There are times in our personal and professional lives when we are aware we are making a choice. These are usually new situations, in which we have to take risks and we get ahead of ourselves. In these cases, we are not necessarily successful but we often feel satisfied because we feel we have taken on a challenge and walked paths that had seemed inaccessible before then.

Other times, on the contrary, we keep on walking an already known, marked path. We can walk it with a little or a lot of energy but either way we appreciate its comfort and enjoy some sort of reassurance.

However, if we often define the first scenario as a choice, underlying its discontinuity with our past behaviors, the second scenario looks more like a consequence of our pasts decisions, habits or of certain actions required by a specific cultural, organizational or value-driven context.

Every behavior can be seen as a choice we make. Every action, wait, word, silence… are the result of a choice. I think it might be useful to see things this way,even though it might feel rather uncomfortable at times because it charges every step we take with responsibility. Each time we reinterpret our past behavior saying: “I couldn’t have done it any other way” we are limiting our responsibility and power.

I’d like to make some examples. When parents decide to separate, they feel the personally responsible and socially pressured to sort things out for the best. Whoever looks at them is thinking: they made a choice but their children are paying for it. At the same time, those parents who opt for a vegetarian or vegan diet are subject to the same kind of judgement: you choose and your kids are caught in the middle. The same thing happens when two homosexual parents decide to adopt one or more children or when parents withdraw their children from school to homeschool them. Now I am making the most striking examples, but every divergent choice only empowers those who say: “What right do they have to choose for their children?”.

On the other hand, however, I rarely feel the same judgements in other situations. Here’re some examples of sentences I do not hear: “This parents are unsatisfied and sad with their job but they do not dare to change: they chose to stay but what kind of example are they giving their children? The children are paying the price of this lack of courage”; or: “They have the TV in the kitchen and they turn it on during dinner: their children are paying for this choice”; or: “These two haven’t practiced any sports for years, they don’t read, have quit playing music and don’t travel: their children are paying”; or, again: “They are not in love anymore and, yet, they are not doing anything to change their situation: their children are paying for this”; or: “They are afraid of everything, they never take any risks, they are so mollycoddled and their children are paying for this”.

Scholars who study regret showed that the level of perceived regret increases when someone feels he?she has played an active role in the situation. In other words, we are likely to feel less disappointed if we lose a sum of money we had invested the year before and left there rather then if we lose the same amount of money deciding to transfer it at the half of the year. We perceive our actions as costly and tend to privilege continuity because it requires less effort.

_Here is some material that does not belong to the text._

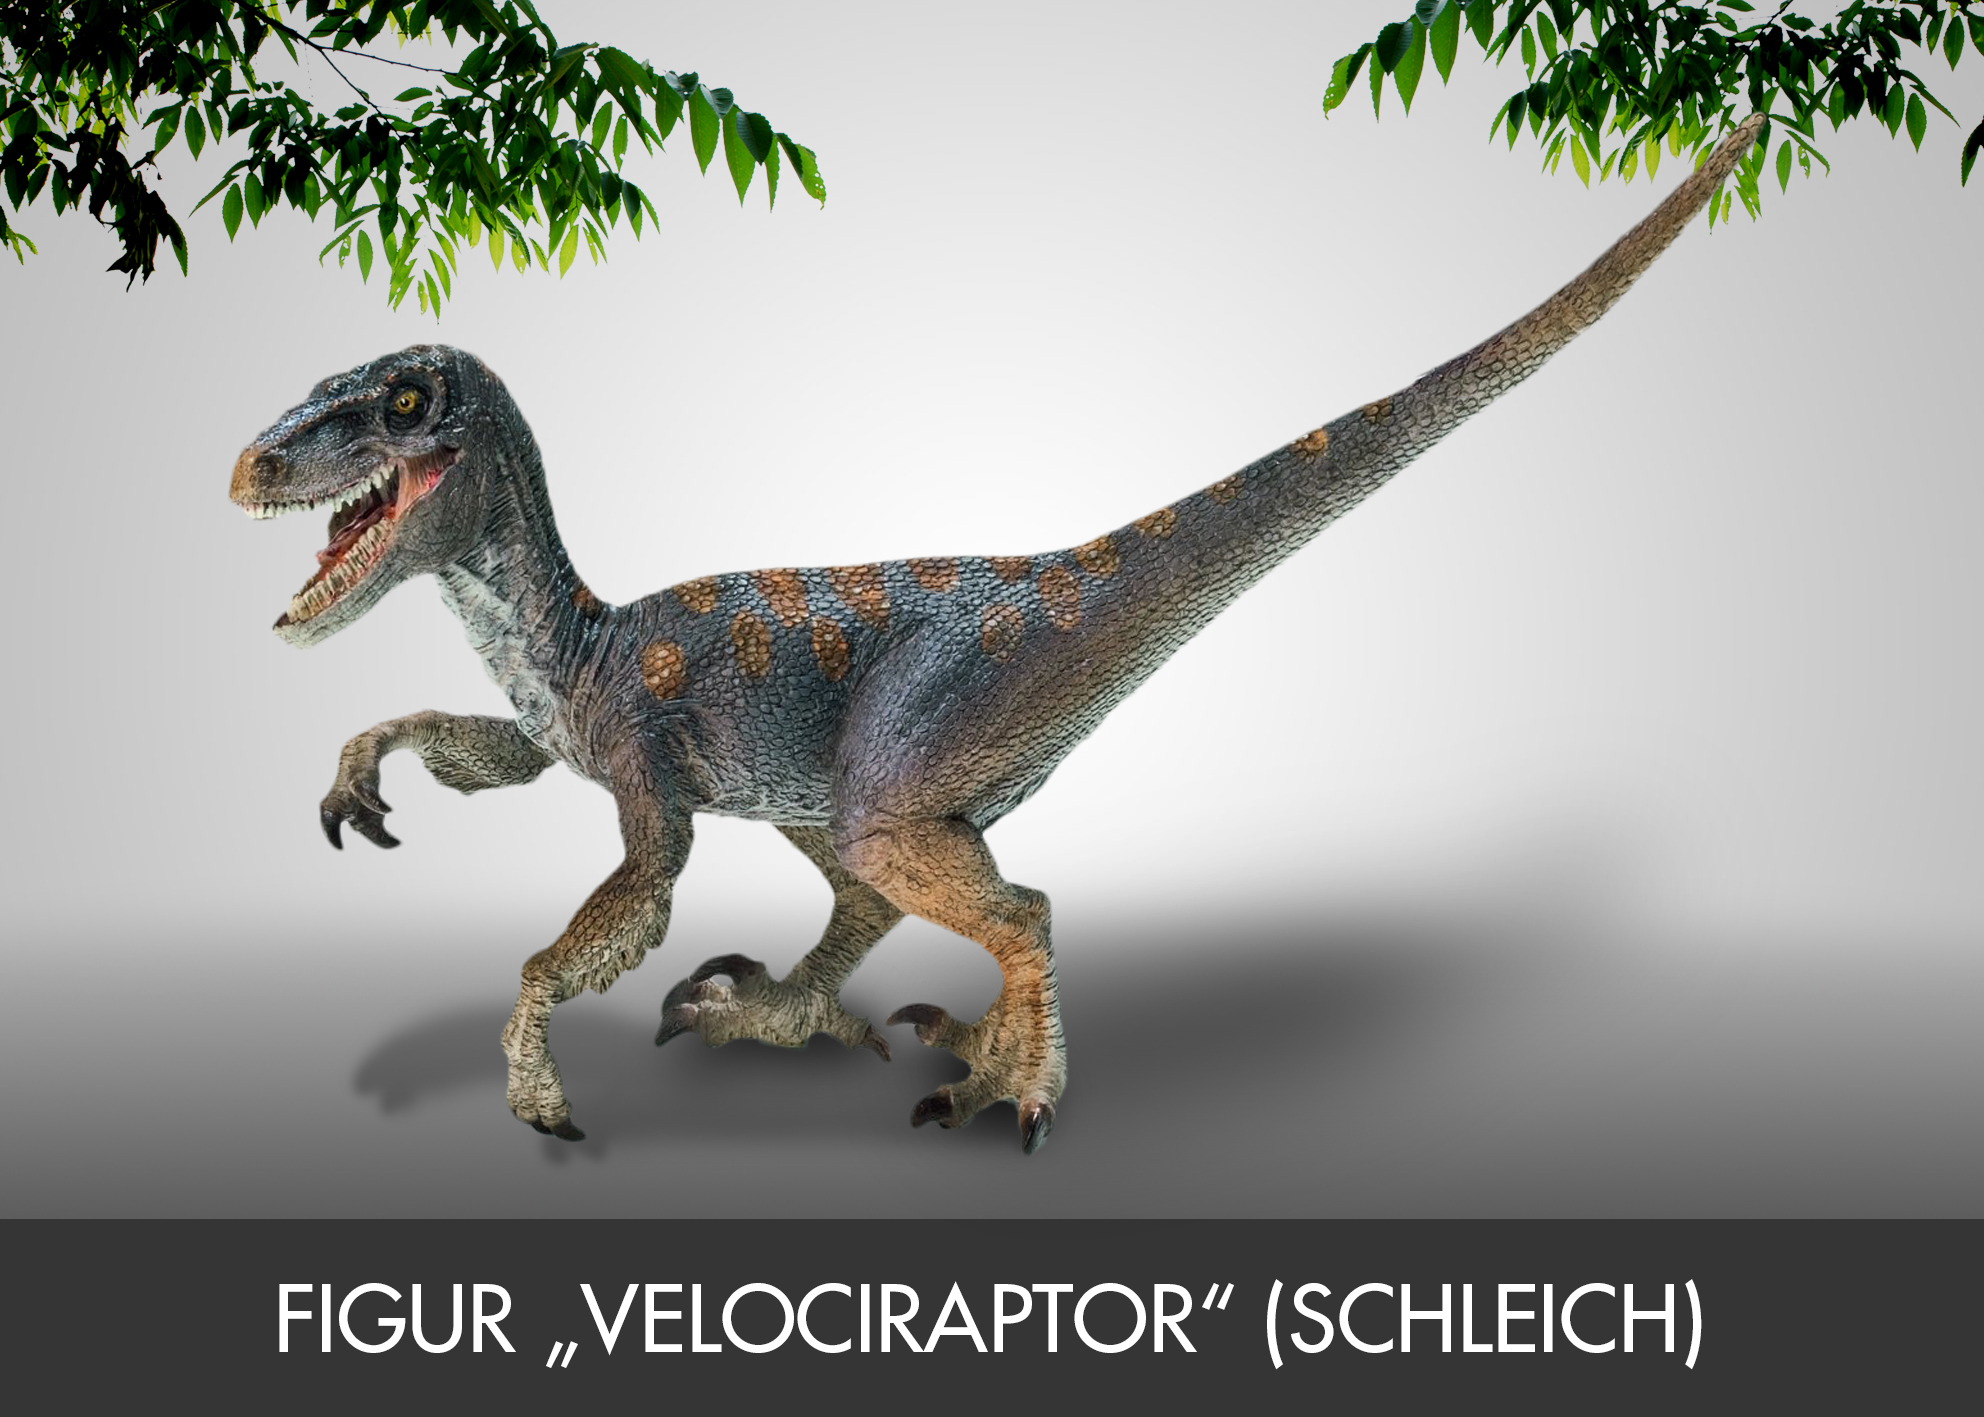 Figur „Velociraptor“ (Schleich) | raptor publishing

In our companies, we often come across the same dynamics: some people are capable to choose in a more explicit and calm way, some others describe themselves as “captive” of the system, even though they are actually making a choice. Taking on our own responsibilities, on the contrary, means looking for the keys to change the things that don’t work or that we would like to be different. It means to stop complaining and start acting.

I am not saying that in no occasion we can end up being subject to circumstances. However, I want to underline the fact that thinking of our future as being controlled by others inevitably gets us caught in an impasse. On the contrary, if we think of ourselves as the protagonists of our own lives, we give ourselves the chance to change the course of the events, reclaiming the reins of our own lives.

Try this simple exercise: take a piece of paper and write an episode in which you felt a victim of the events, in which you couldn’t do otherwise (or at least that was what you believed back then). Now try to think of a different behavior, even if it’s something very far from what you usually do. Help yourself thinking about someone who’s very different from you: how would he/she have dealt with it? Then look for another alternative, in the same way and then look for a fourth alternative… and keep on adding further options. Now go back to the beginning and consider all the alternatives and different possibilities you might have had.

If it’s true that we cannot not communicate, as the psychologist Paul Watzlawick used to say, it is also true that we cannot not choose: let’s try to make each of our choices -whatever they are- as free, creative, informed and ecologic as possibile.